Dispatched for domestic violence call.  Once we get cleared in by PD....we can smell the alcohol at the front door.  Find an approx. 50 y/o F, c/c of lac to scalp and deformed wrist.  Pt stated husband struck her several times and attempted to break her wrist (he succeeded).  She is extremely intoxicated, and doesn't want to go to the ED.  Well, by Protocol and common sense, she needs to go.  After about 20 minutes of talking and trying to convince her, she doesn't want to go.  Call med control, have the MD tell her, multiple PD and SO.   Eventually she becomes agitated.  After about 5 more minutes she gets up in one of the cops faces and tries to take a swing.  This....doesn't go over so well.  She gets handcuffed to backboard.  Assault on a police officer, obstruction, failure to comply to a legal order....etc.

While all this is going on, the PD found her husband's car driving around.  Successfully stop him. Arrested for DWI, domestic violence, and a few other charges.   

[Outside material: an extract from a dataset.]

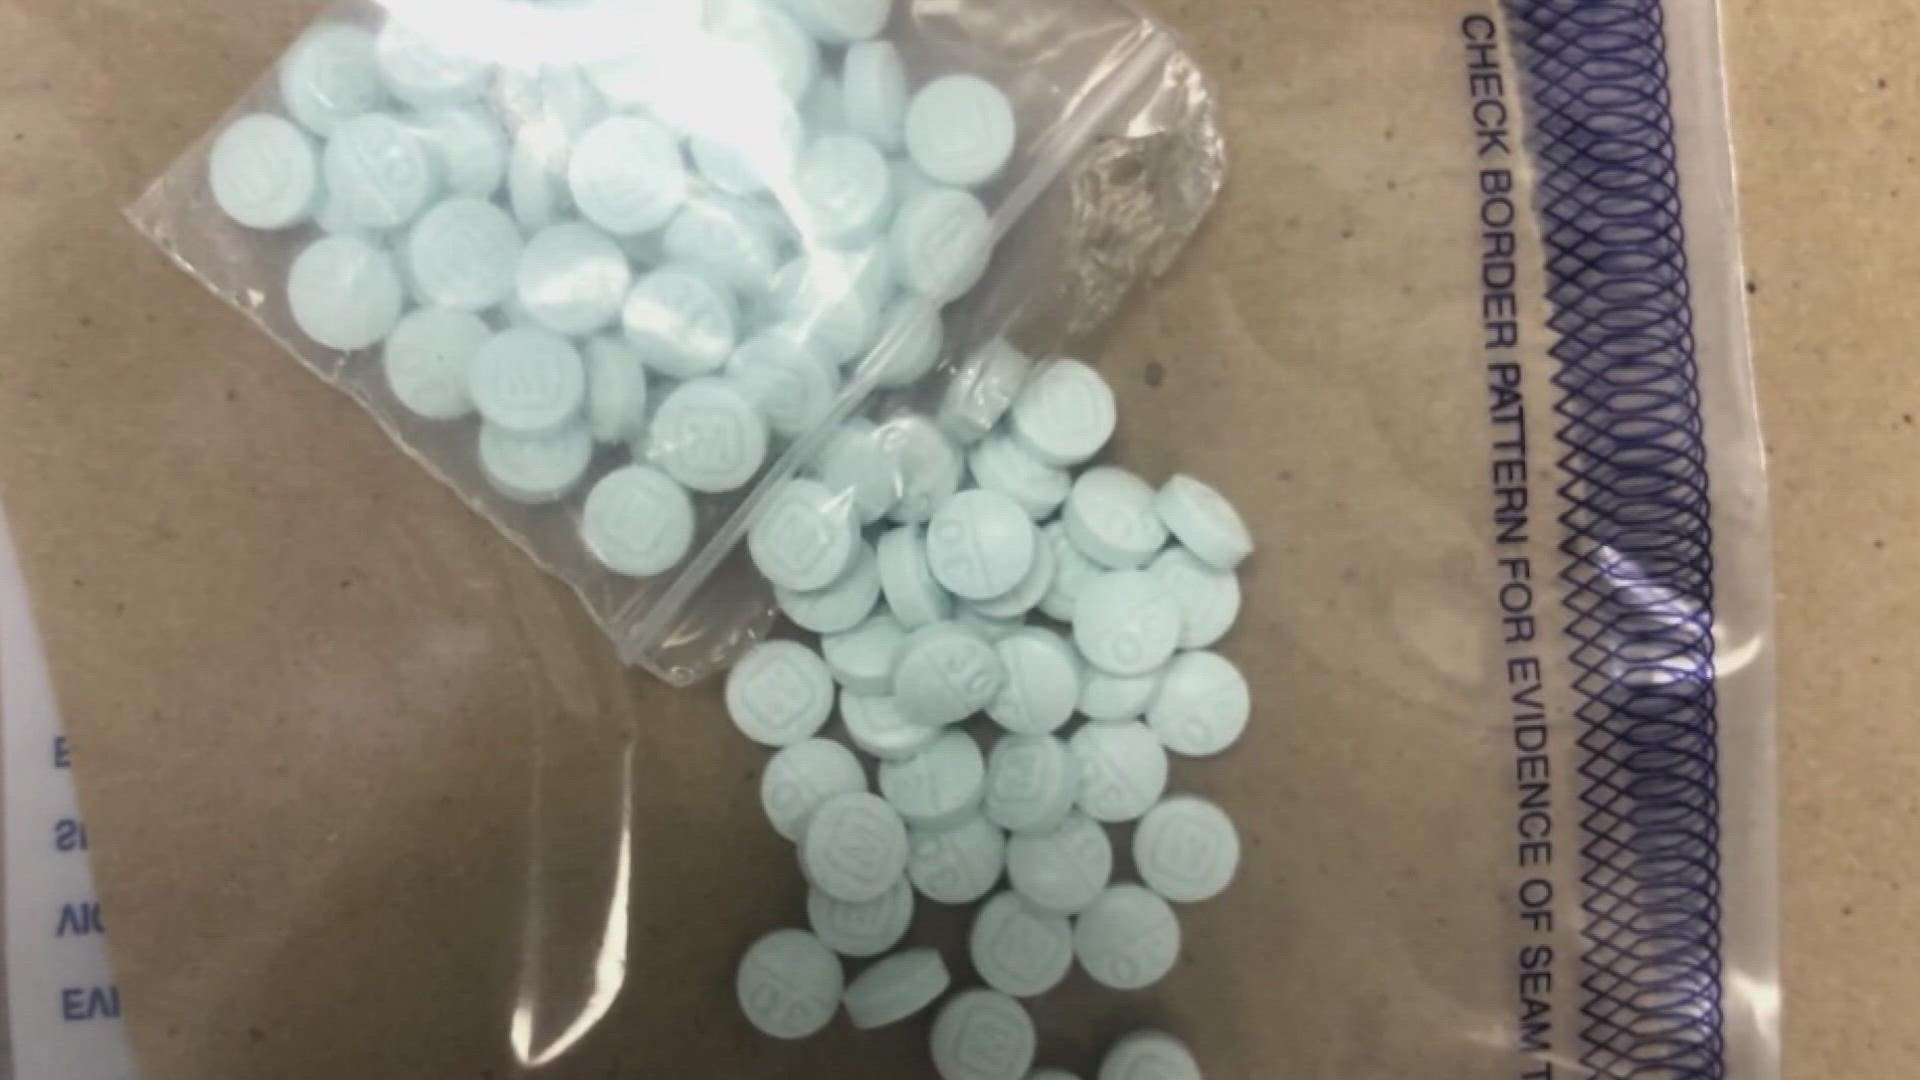 Graduates of drug diversion court in King County react to the rising use of fentanyl.

Well, after things calm down on scene and we get her loaded, a car comes FLYING in to the driveway where we are parked.  Turns out it's the son of the two people arrested.  Who is also drunk.  He comes running up to the ambulance YELLING at his mom about having his dad arrested, and shoves one of the SO Deputies.  Again...this wasn't taken too kindly.  Assault on a peace officer, DWI, and a few others.  

So, I get to be the lucky one to call the daughter (who lives several states away).  Once I got done explaining everything, she just sounded exasperated.  I can't say I blame her much....couldn't imagine getting the call that both your parents AND your sibling had been arrested.  At once.


----------



## CANDawg (Dec 15, 2012)

ATFDFF said:


> Long and short of a 2 hour call--
> 
> Dispatched for domestic violence call. Once we get cleared in by PD....we can smell the alcohol at the front door. Find an approx. 50 y/o F, c/c of lac to scalp and deformed wrist. Pt stated husband struck her several times and attempted to break her wrist (he succeeded). She is extremely intoxicated, and doesn't want to go to the ED. Well, by Protocol and common sense, she needs to go. After about 20 minutes of talking and trying to convince her, she doesn't want to go. Call med control, have the MD tell her, multiple PD and SO. Eventually she becomes agitated. After about 5 more minutes she gets up in one of the cops faces and tries to take a swing. This....doesn't go over so well. She gets handcuffed to backboard. Assault on a police officer, obstruction, failure to comply to a legal order....etc.
> 
> ...


 
Sounds like this family is full of win.


----------



## ffemt8978 (Dec 15, 2012)

dbo789 said:


> Sounds like this family is full of win.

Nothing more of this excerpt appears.